Cuspal Movement and Gap Formation in Premolars Restored with Preheated Resin Composite
Objective: The current study aimed to determine the effect of preheating resin composite to three different temperatures on the cuspal movement and gap formation at the tooth/restoration interface. Methods: Fifty extracted, sound human upper premolars were subjected to standardized MOD cavity preparations. Five groups of 10 premolars each were restored with either 1) Tetric Ceram HB, 2) a layer of Tetric Flow followed by Tetric Ceram HB, 3–5) preheated composite to 37°C, 54°C and 68°C, respectively, using a chair-side preheating device (Calset thermal assist unit). Cuspal movement was calculated by measuring the intercuspal distance between the indexed cusp tips before restoration 5 minutes and 24 hours after composite curing using a stereomicroscope. The teeth were sectioned longitudinally and examined under a stereomicroscope connected to a digital camera and image analysis software to detect gap formation. Results: Group 2 showed the least cuspal movement at 5 minutes and 24 hours and the highest gap area, while Groups 4 and 5 showed the highest cuspal movement at 5 minutes and 24 hours. Group 3 had the least gap area. Conclusions: Preheating resin composite to temperatures higher than 37°C increases cuspal movement. The adaptation and gap area of preheated resin composite to 37°C and 54°C improved, but it did not change with resin composite preheated to 68°C.SUMMARY
INTRODUCTION
Viscoelastic materials, such as resin composites, exhibit decreased viscosity and greater flowability with temperature increase.1–2 This makes them easily applied and adapted to cavity walls.3–4 Recently, preheating resin composites with suitable devices has been advocated as a method to reduce paste viscosity, improve marginal adaptation and monomer conversion and shorten curing times.5 The temperature at which the polymerization occurs affects the conversion process and polymer properties.6–9 Increased temperature enhances both radical and monomer mobility, resulting in higher overall conversion and reaction rate.810
The attainment of high conversion values by short exposure times, as stated by Daronch and others in 2005,5 implies a more rapid polymerization at elevated temperatures.
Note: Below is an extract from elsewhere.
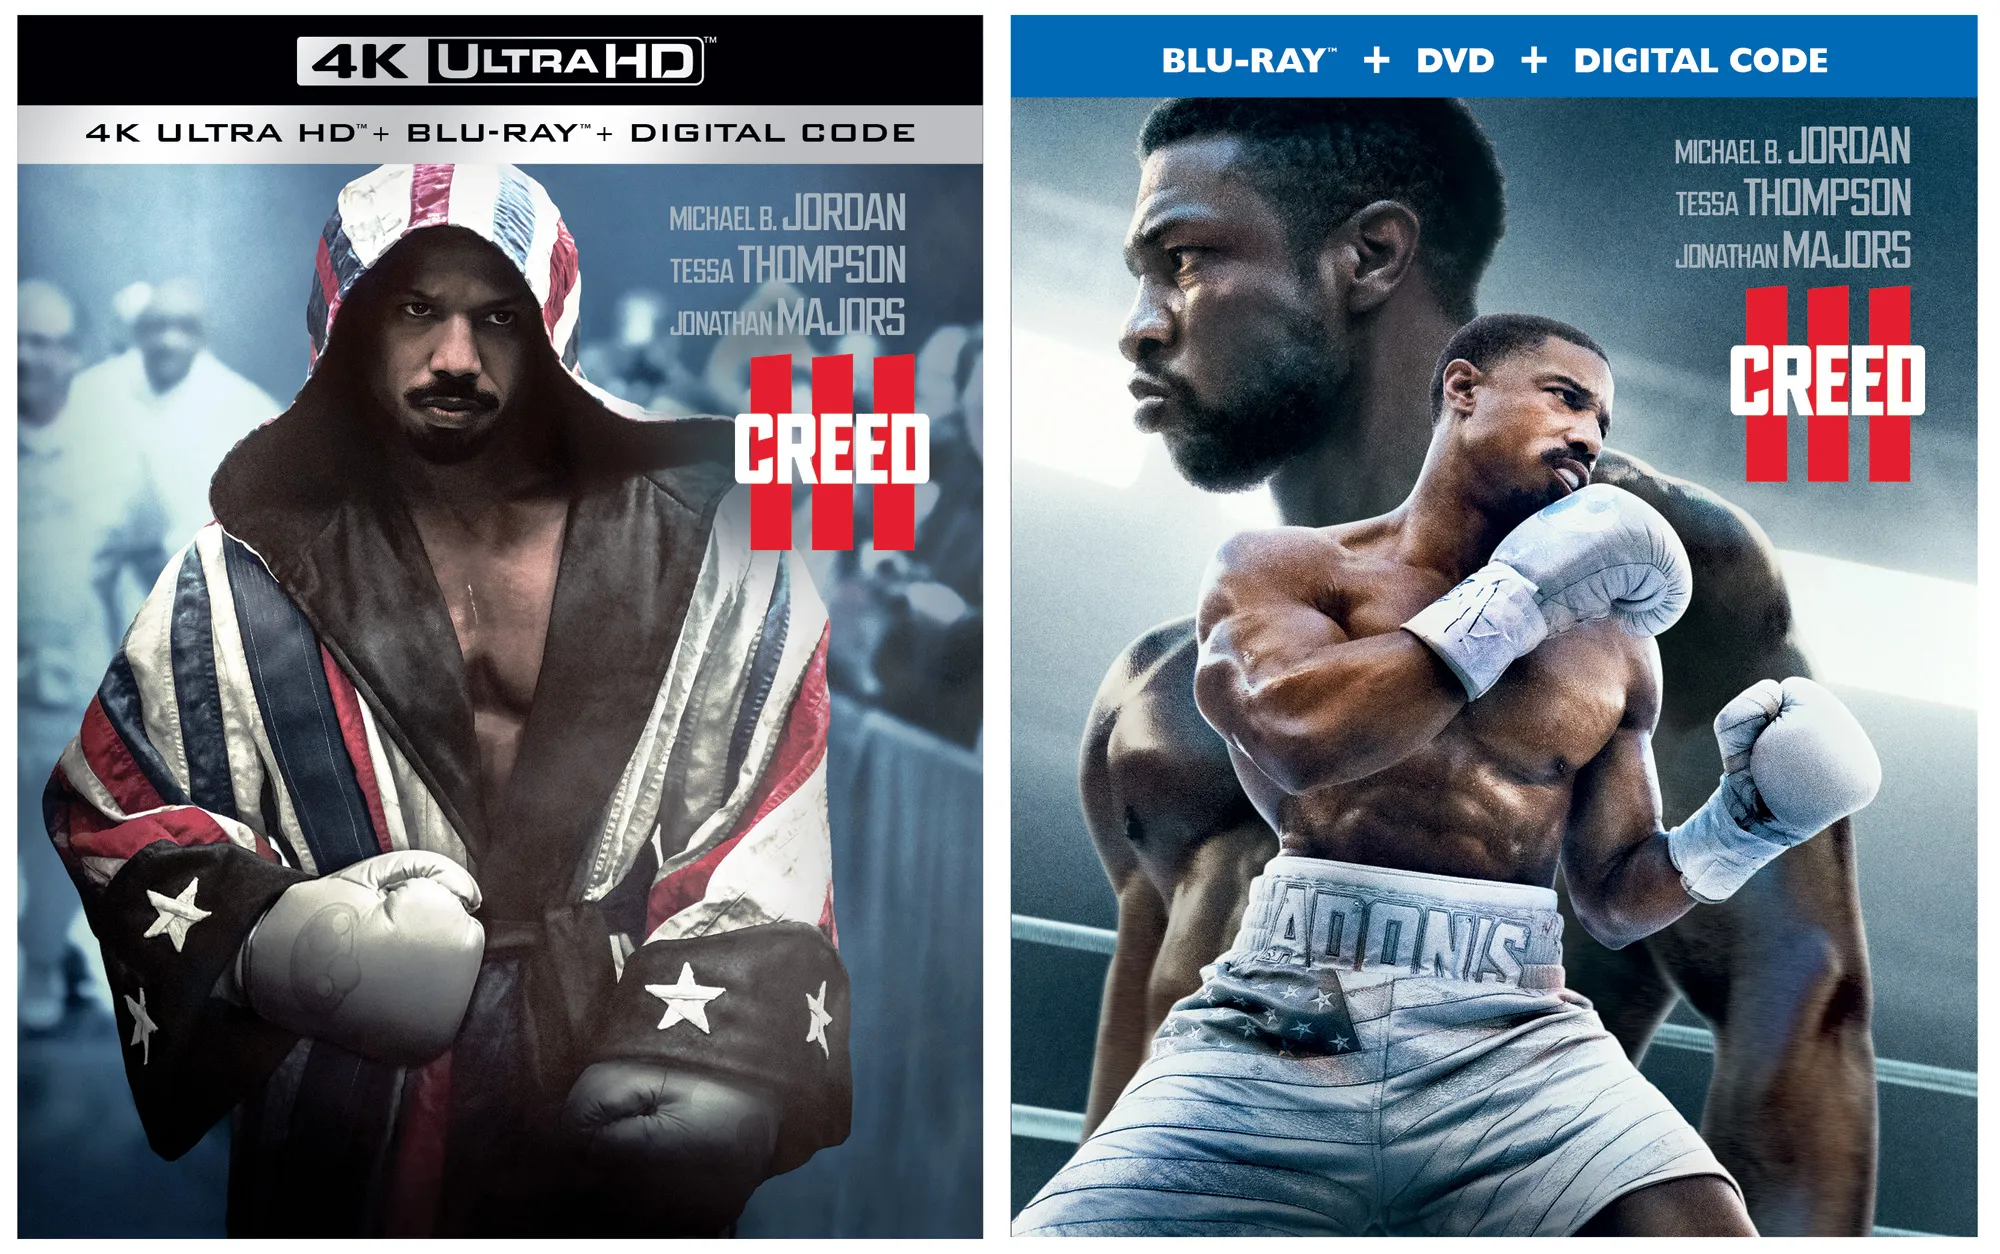 'Creed III' 4K, Blu-ray, DVD Release Date and Details

Such high reaction rates may result in elevated stress formation and hastens the development of the vitrification point, proving detrimental to the resin/tooth interfacial bond.11–12 In addition, resin composites exhibit a six-to-eight times greater thermal expansion than the surrounding tooth structures;13 polymerization contraction, along with thermal contraction, might create high interfacial stresses in preheated composites upon thermal equilibrium, which affects the marginal adaptation, integrity and seal.14–15
The magnitude of polymerization shrinkage stresses depends on the material's composition, stiffness and flow of the composite, rate of polymerization and restoration geometry.16 These factors combine and interact simultaneously in complex ways, translating polymerization shrinkage into tooth stresses. Polymerization shrinkage can produce two types of problems: If the bond between the composite and tooth structure is less than the force of polymerization shrinkage, marginal failure and subsequent microleak-age will occur.17 In contrast, if the adhesive strength exceeds the contraction stress, there is no detachment, but the restoration maintains an internal tension that pulls the walls of the tooth together, reducing the inter-cuspal distance. The deformation of the tooth is a clinically significant outcome; in addition, it is a reasonable indicator of other polymerization shrinkage effects as interface stresses.18 Cuspal deflection may clinically manifest as changes in occlusion points, followed by post-operative discomfort, and it may even lead to tooth fracture.19 However, increased conversion of preheated composite may also result in enhanced restoration properties.10
The current study tested the effect of preheating resin composite to three different temperatures on cuspal movement and gap formation at the tooth/restoration interface of upper premolars. The null hypothesis tested was that the preheating of resin composites results in improved marginal adaptation without increasing cuspal movement.
METHODS AND MATERIALS
Selection and Standardization of Teeth
Fifty freshly extracted caries-free human upper pre-molars were selected. The teeth were examined visually and found to be free from hypoplastic defects or fractures. They were cleaned with a 70% ethyl alcohol solution and surface deposits were carefully removed using a hand scaler. The teeth were kept in saline at room temperature (23°C±2) until use.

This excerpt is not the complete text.